Однако важно, способны ли проповедники перемен, которые, кстати, называют себя или называются наблюдателями антисистемными, угрожать демократической системе. На этот вопрос проще всего ответить в случае с Партией Вместе. При этом система, с которой они имеют дело, понимается как неолиберальный консенсус и ясно, что ее свержение не приведет к свержению системы в более широком смысле как набора процедур и демократических институтов, хотя и может изменить траекторию их функционирования. Это относится, конечно, и к новым левым, представленным на выборах Магдаленой Биджат.
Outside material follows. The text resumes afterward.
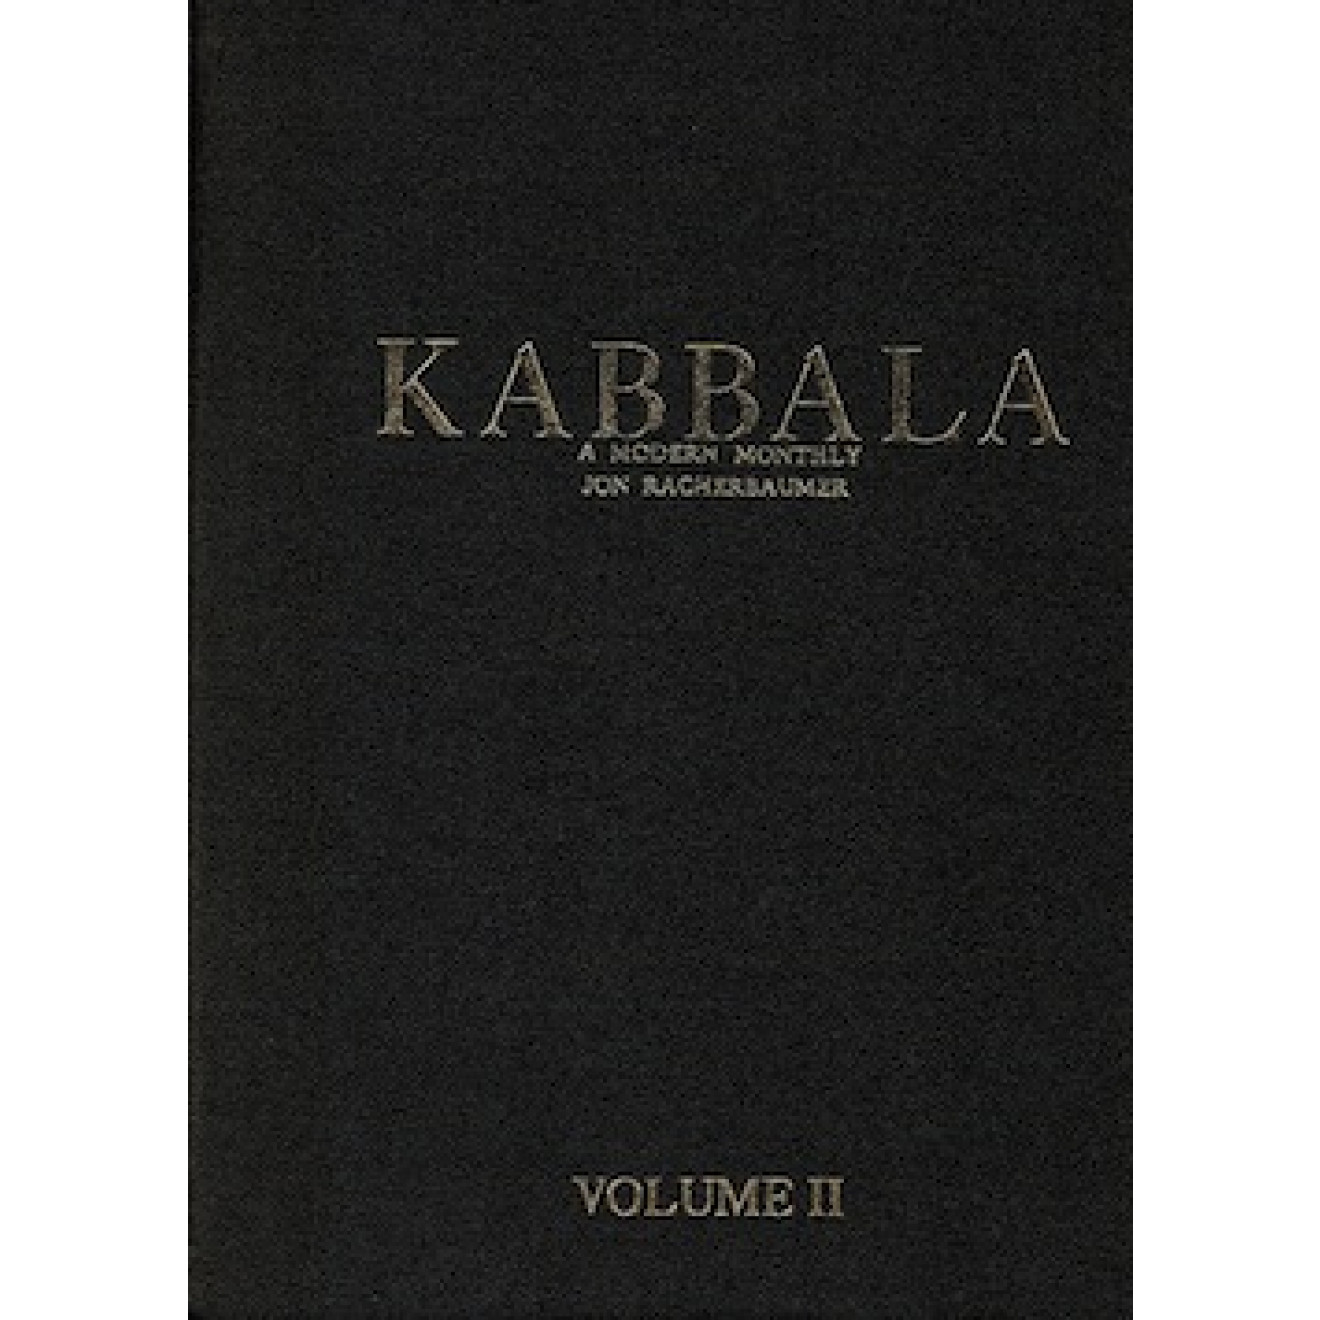 KABBALA - a Modern Monthly Vol.II

Разница между этими группами, которая на самом деле отражает проблемы левых в глобальном масштабе, сводится к вопросу о том, действовать ли внутри неолиберального консенсуса, изменяя его изнутри или предлагая ему четкую альтернативу. Проблема, конечно, в том, что это все-таки не похоже на такое целостное предложение, хотя вполне вероятно, что оно скоро выйдет из интеграции опыта различных видов общественных движений левого характера.
В случае с правыми партиями этот вопрос вполне очевиден в случае с Конфедерацией польской короны, которая выступает за смену системы на монархическую, и действия ее лидера, кажется, проверяют пределы системы, а значит, и возможности ее радикального преобразования. Однако в целом партия и Конфедерация ВИН располагались на окраинах консервативного неолиберализма. Партия Славомира Ментцена представляет собой смесь радикальных требований свободного рынка с такими же радикальными требованиями в мировоззренческой сфере, к которой прилагается щепотка меритократии, что, безусловно, является застенчивым объявлением технофеодализма.
Проблема с написанием политических комментариев заключается в том, что они всегда представляют собой картину прошлого. Когда ситуация динамична, и это происходит сегодня не только по отношению к Польше, но и ко всему миру, можно только показать определенные тенденции, или даже их корни, но трудно предсказать, как они будут развиваться. Нэнси Фрейзер в названии одной из книг вызывает известную мысль Антони Грамши о том, что старое не может умереть, а новое родиться, ставя тезис о возможном окончании борьбы двух разновидностей неолиберализма. Похоже, что это можно применить и к нашим условиям. Президентские выборы привели к серьезным изменениям в политической траектории в нашей стране, о которых мы знаем наверняка. В каком направлении будет двигаться Польша, Евросоюз или, наконец, весь мир, можно только догадываться. В любом случае изменения системы, распад существующей системы или ее трансформация могут быть предсказаны с большой уверенностью.